PROVIDED DATA
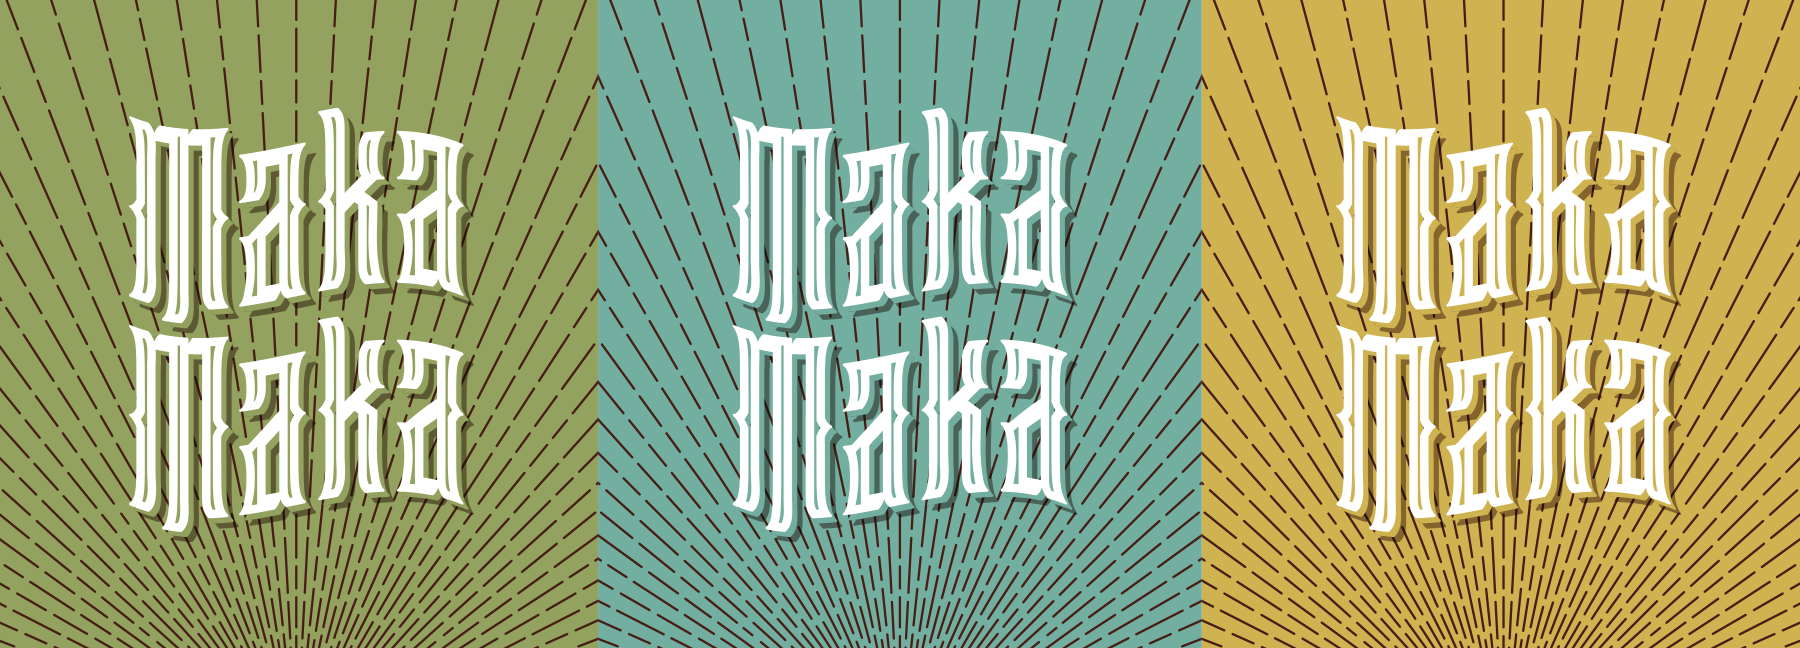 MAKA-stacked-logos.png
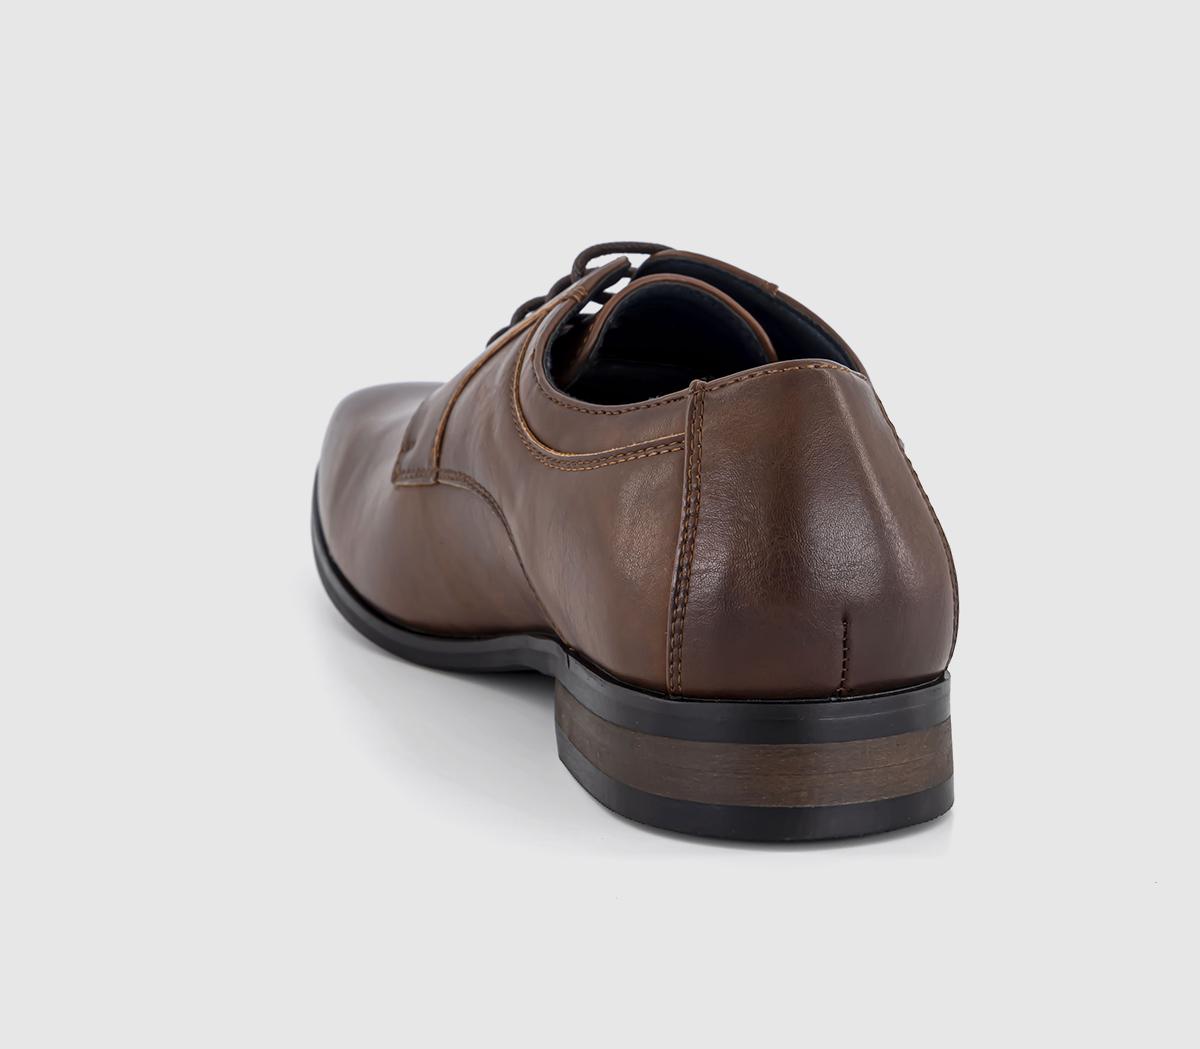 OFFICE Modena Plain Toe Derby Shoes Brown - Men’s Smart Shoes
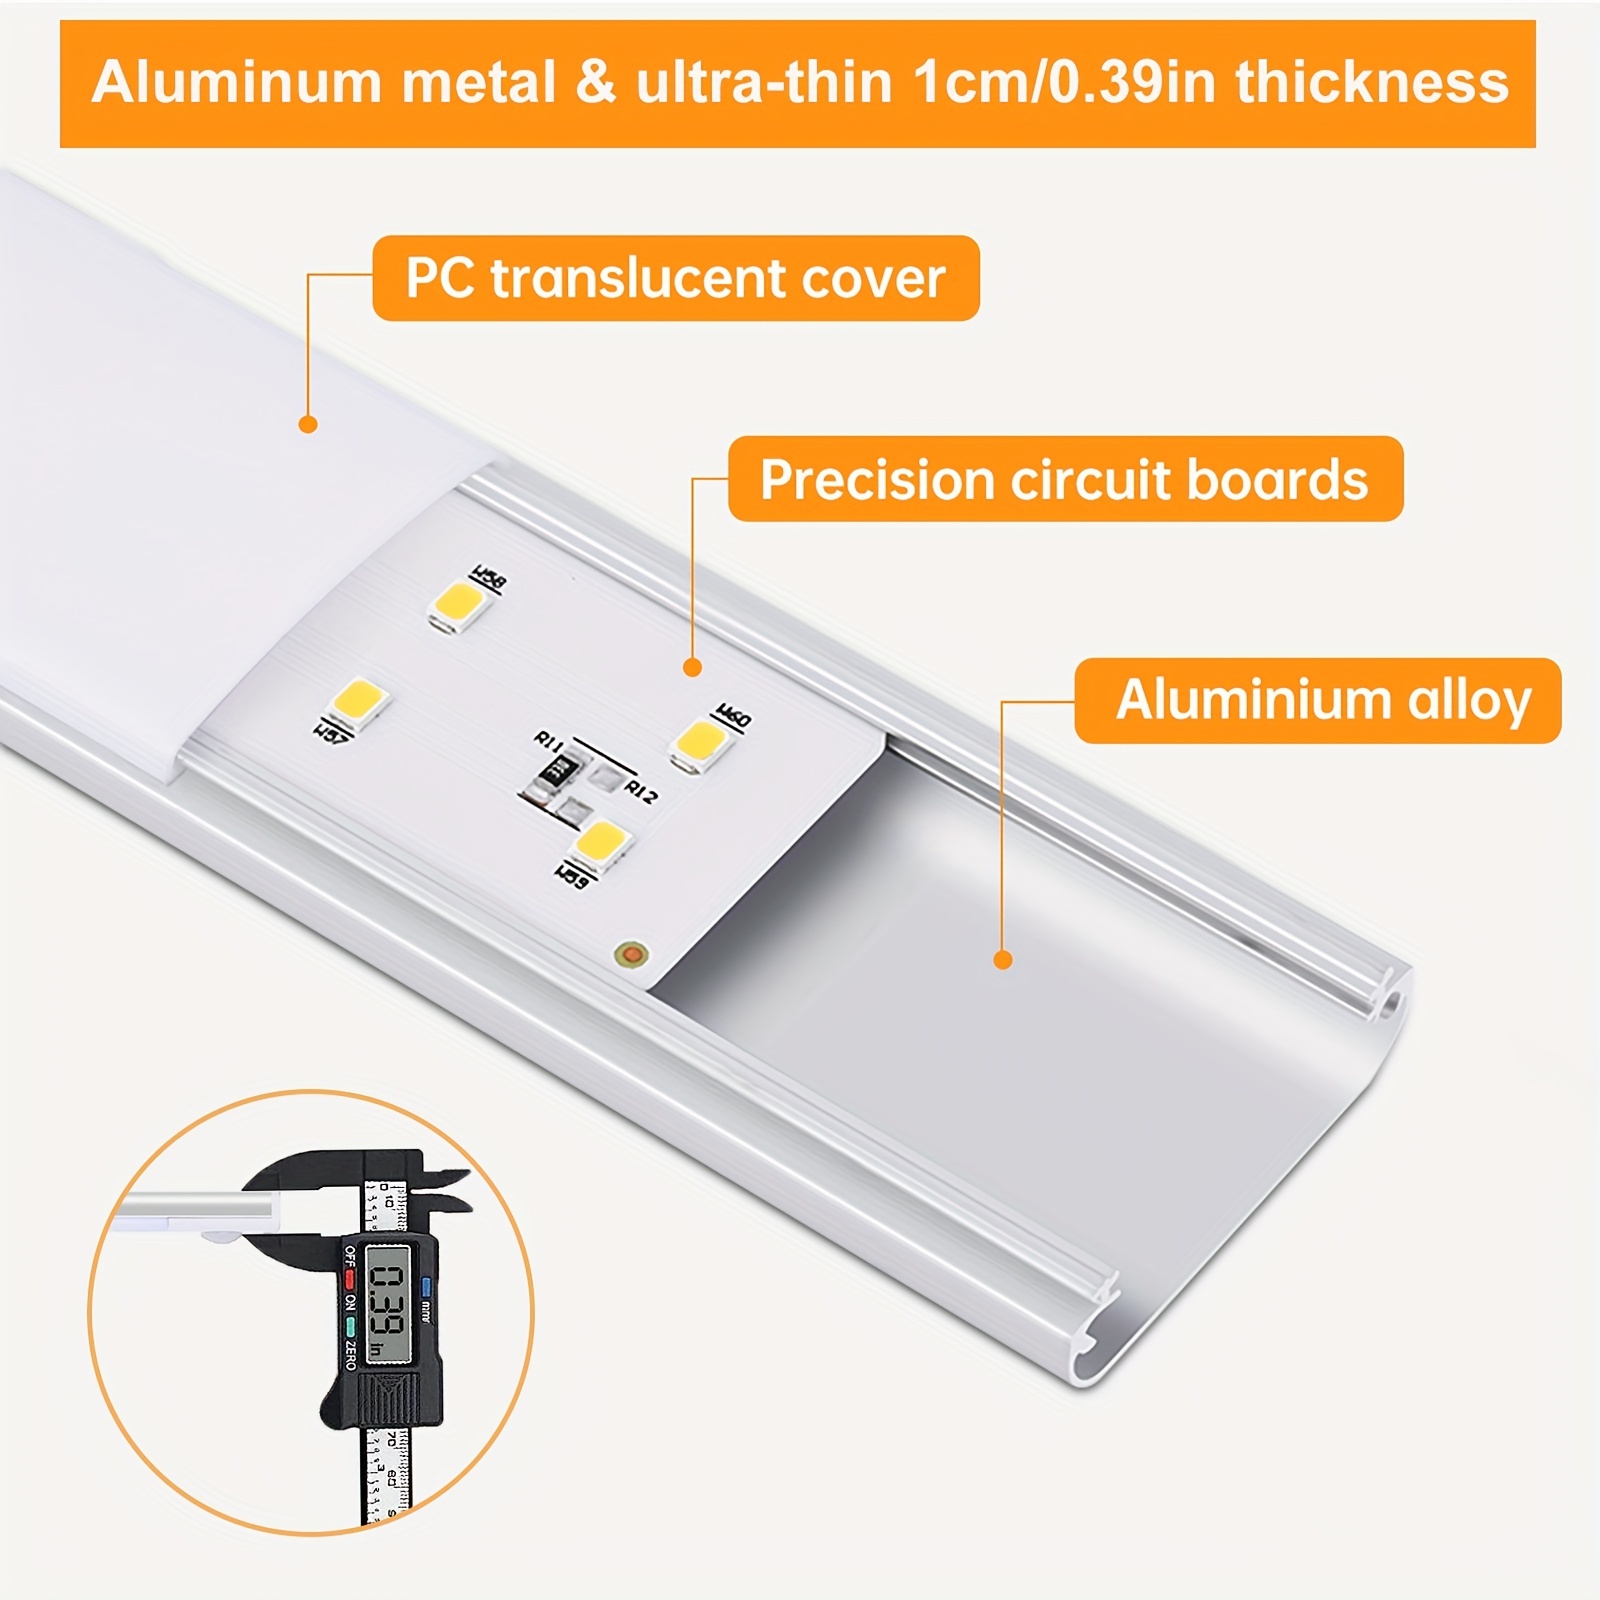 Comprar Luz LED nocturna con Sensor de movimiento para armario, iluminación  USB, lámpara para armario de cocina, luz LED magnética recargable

YOUR TASK
You are asked to reproduce each line above exactly, but to exclude the pictures.

SOLVED PROBLEM
 MAKA-stacked-logos.png
 OFFICE Modena Plain Toe Derby Shoes Brown - Men’s Smart Shoes
 Comprar Luz LED nocturna con Sensor de movimiento para armario, iluminación  USB, lámpara para armario de cocina, luz LED magnética recargable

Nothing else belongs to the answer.